Listed in: Spanish, as SPAN-41
Roberto Marquez (Section 01)
This seminar focuses on an exploration of Haiti, its history and the fiction which that history and experience—as place, emblem, broader symbol, and metaphor—have given rise to. The site of a signal revolution which “lies at the crossroads of multiple discourses as a defining moment in world history,” Haiti is the world’s only Republic brought into being by the successful revolt of slaves. It is Latin America’s first post-colonial state, as well as the second of this hemisphere’s independent nations. It is, likewise, initial locale, provoking source and inspiration for the literary “Marvelous American Reality” Alejo Carpentier and the Haitian novelist Jacques Stéphen Alexis both consider as archetypically Haitian and American: a reality of marvel which, they maintain, Haiti at once produces, embodies, and imaginatively inspires.
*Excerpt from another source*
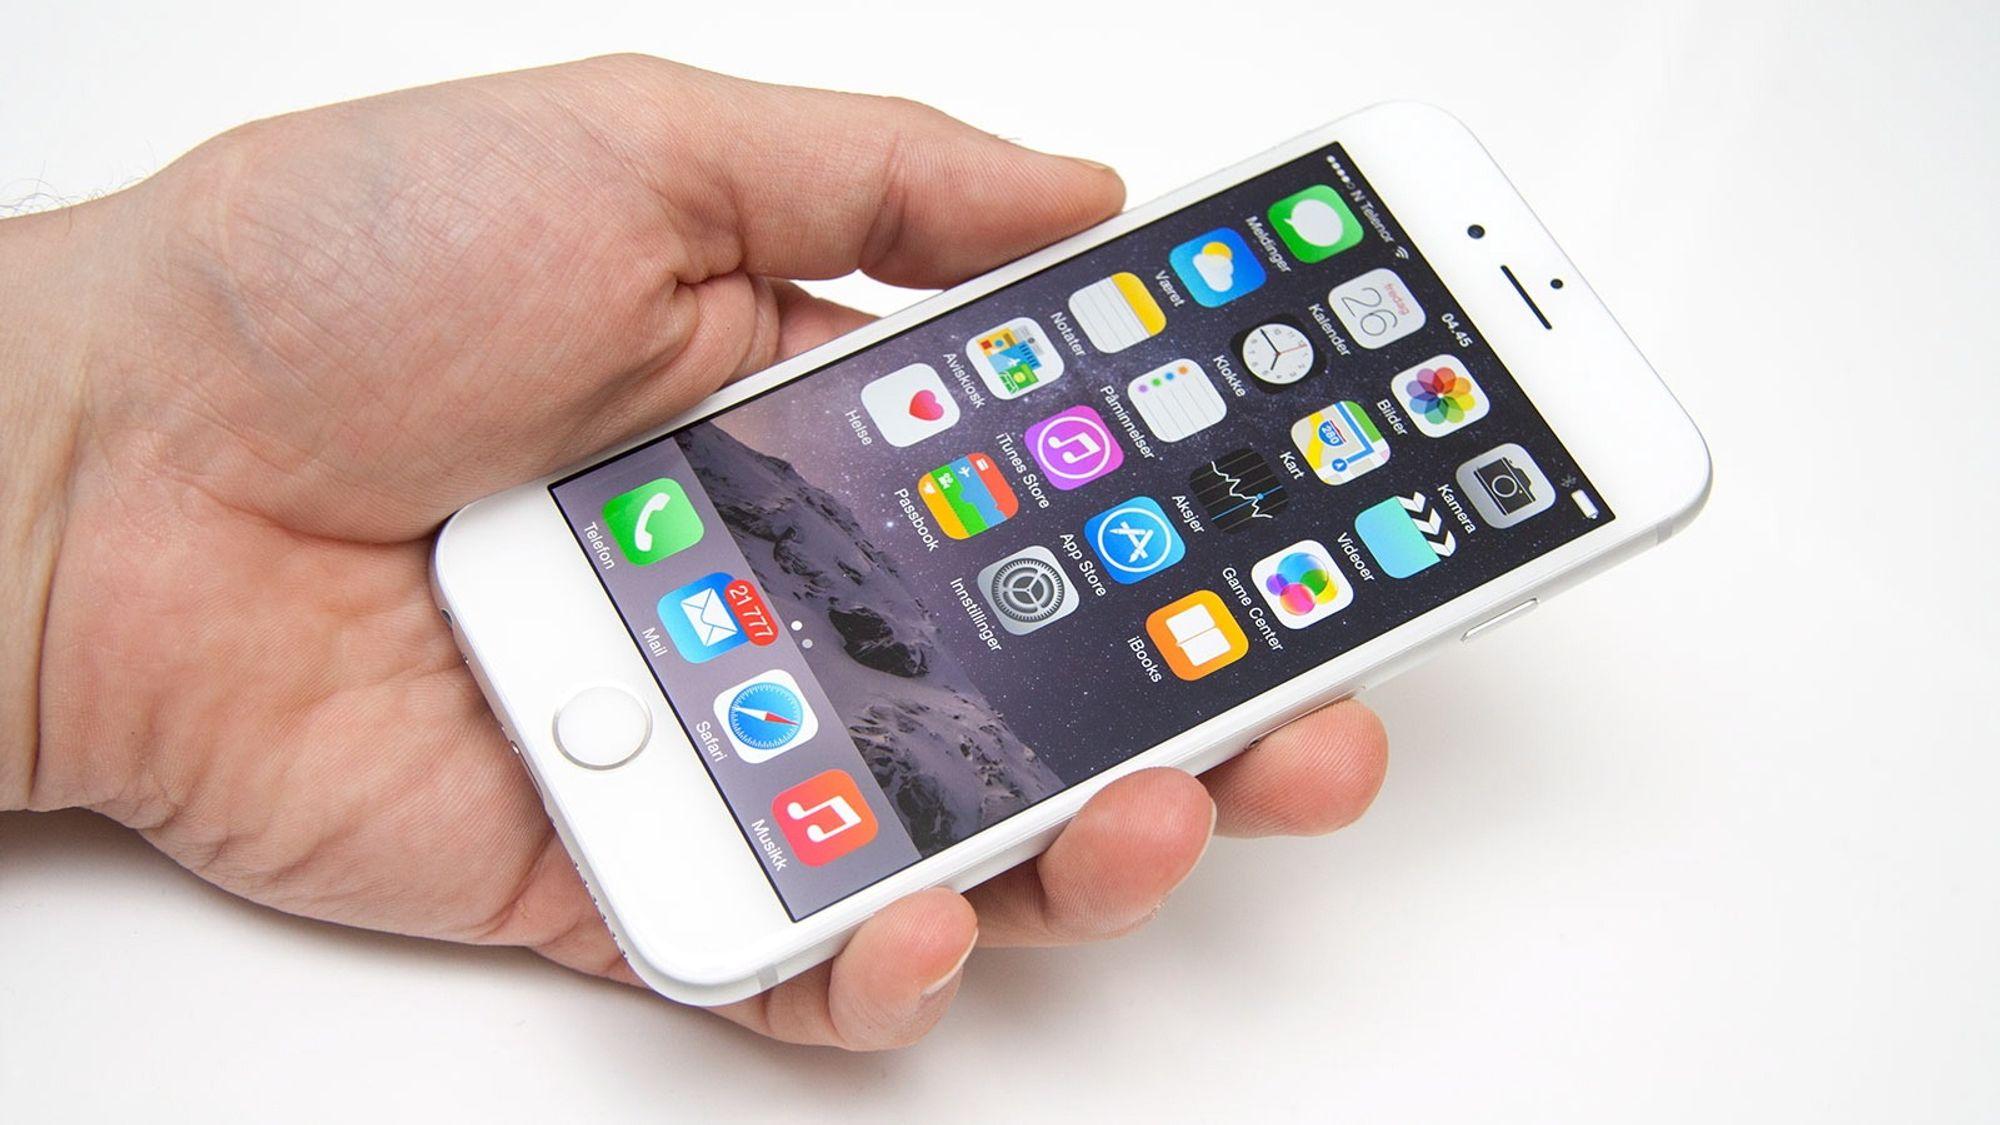 Billig iPhone!? Ja, det er mulig | MyTrendyPhone Blog
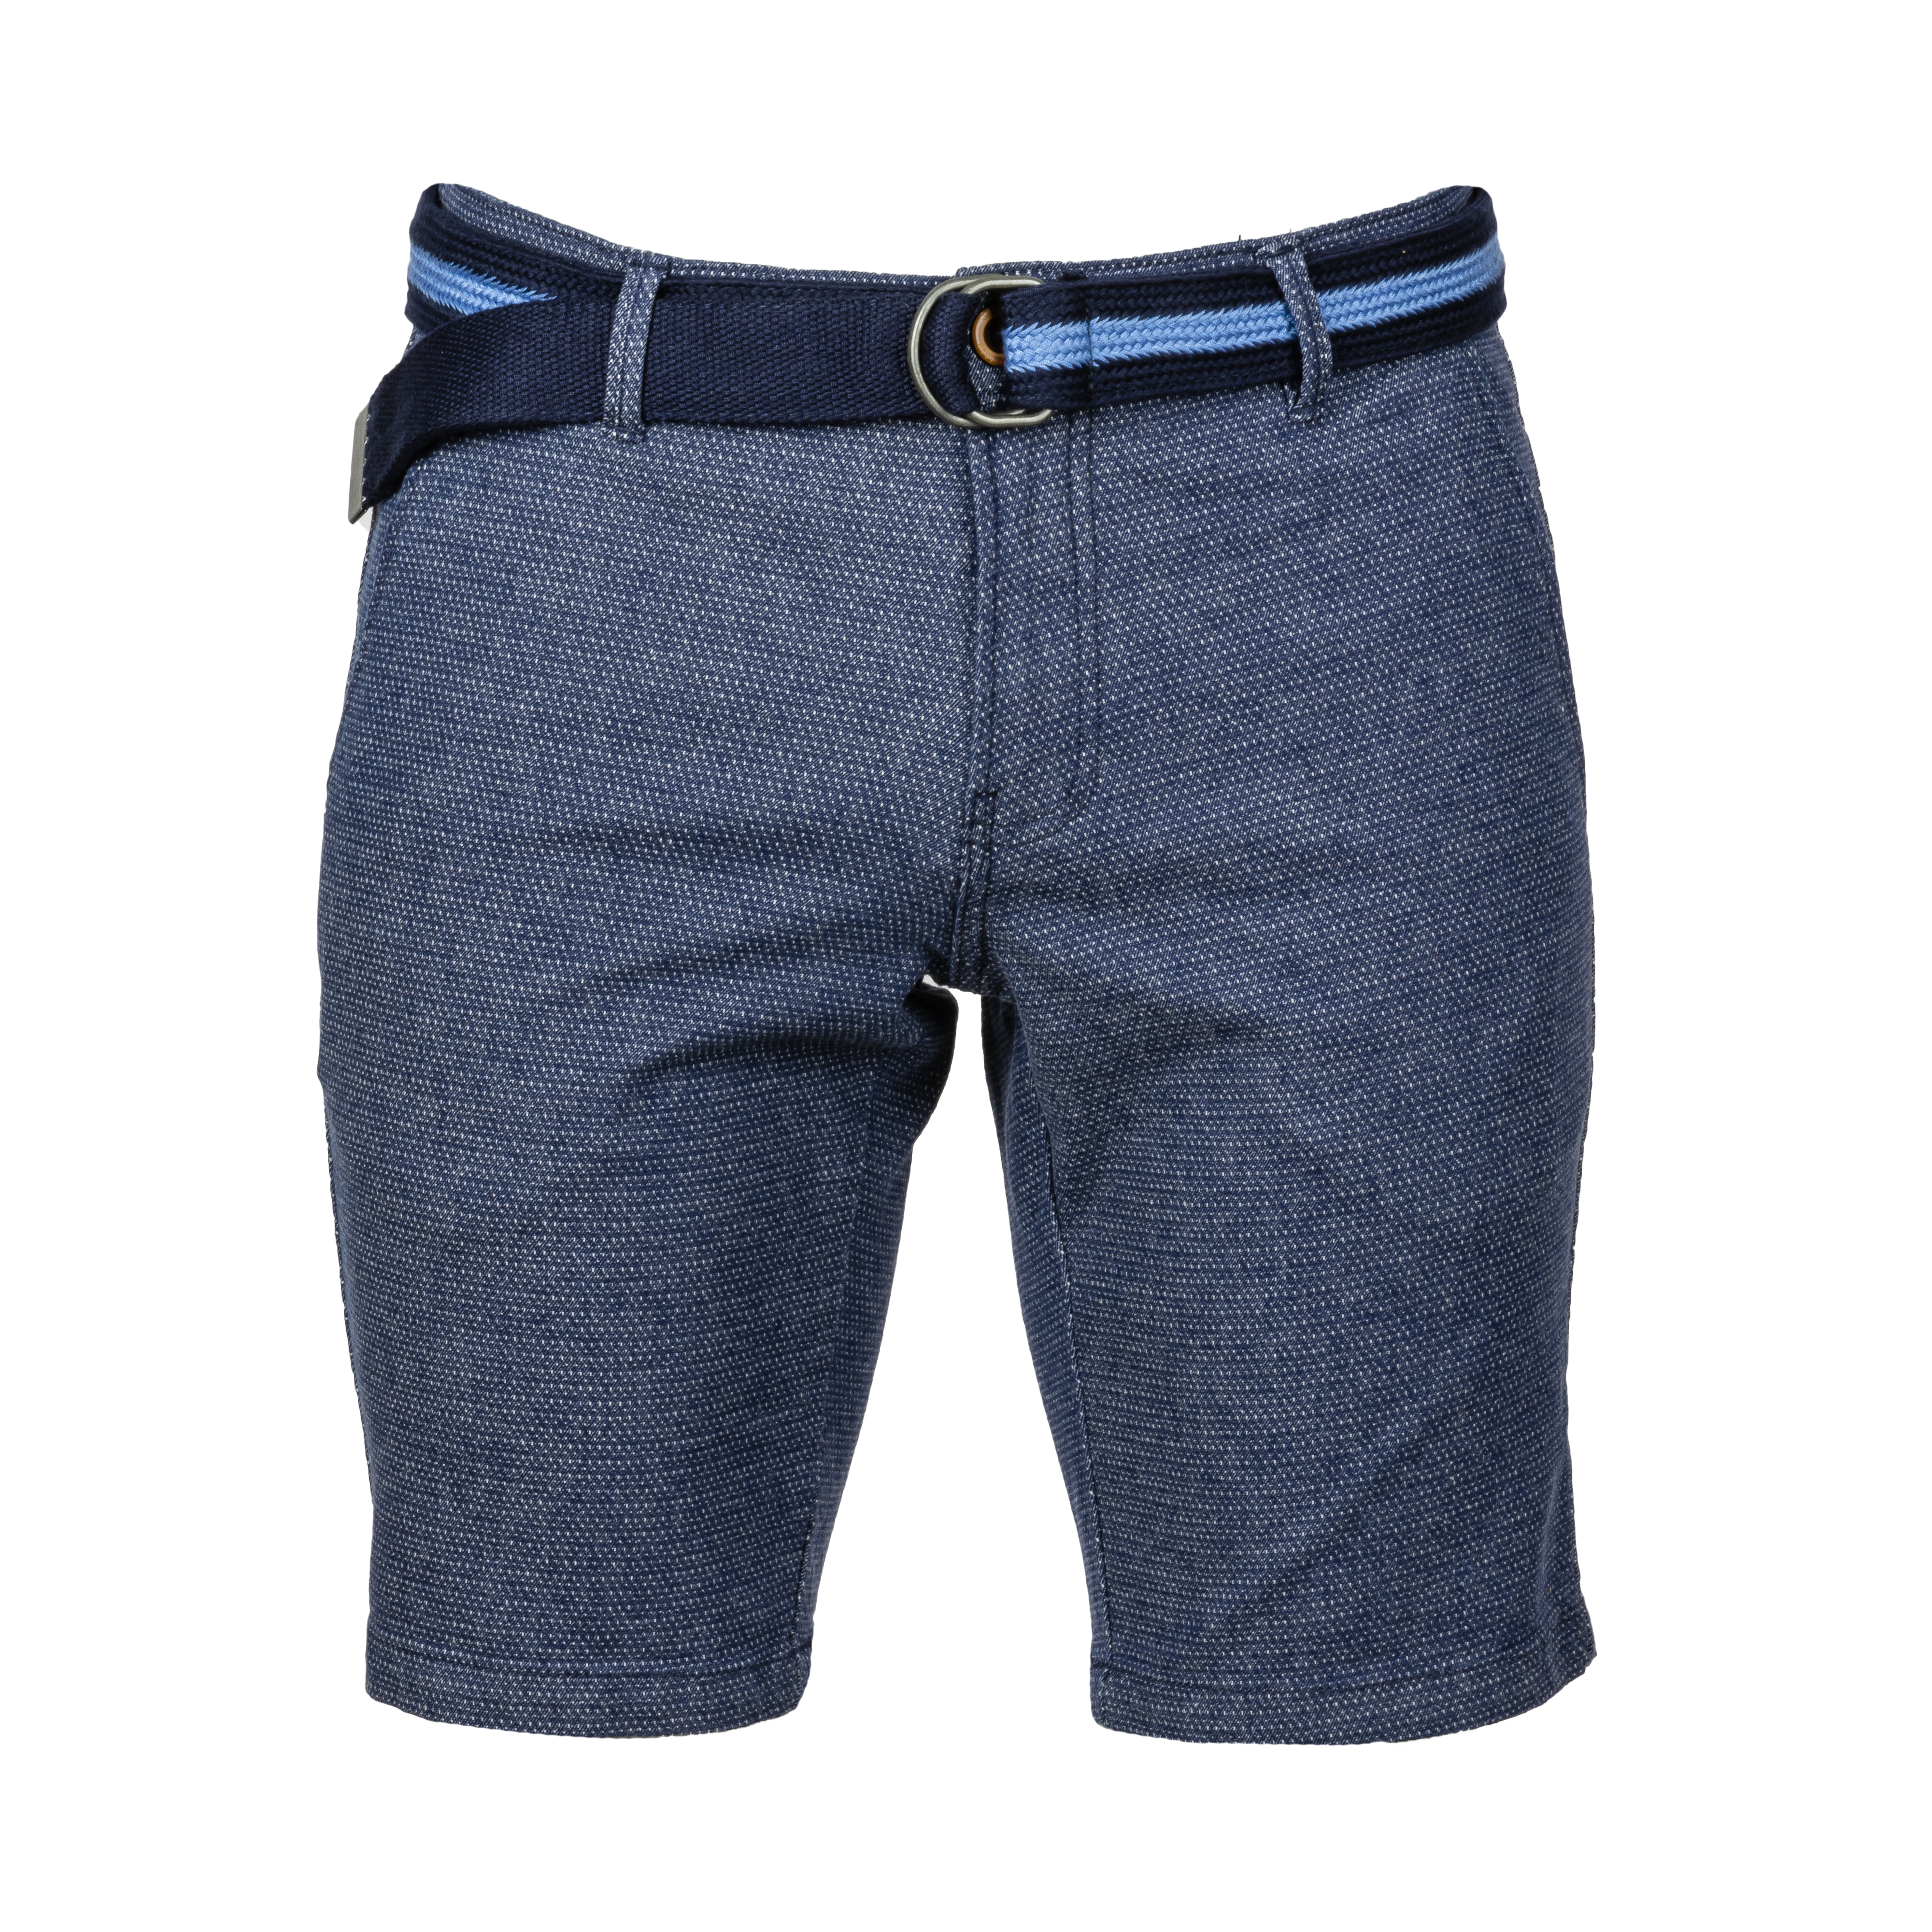 Short Teddy Smith Chino en coton stretch bleu marine à motifs blancs avec ceinture tressée

With the elements of Haitian history as our common fund and contextual backdrop, students will critically read and compare Haitian theme novels by Hispanic writers such as Carpentier (Cuba) with those of contemporary Haitian authors in whose work the enduring legacies, current dilemmas and complexities of Haiti’s experience are also the principal object of narrative passion and concern.
This course will be taught in English. Spanish majors who wish to count this course toward fulfillment of requirements will be invited to write papers in Spanish.
Fall semester. Visiting Professor Márquez.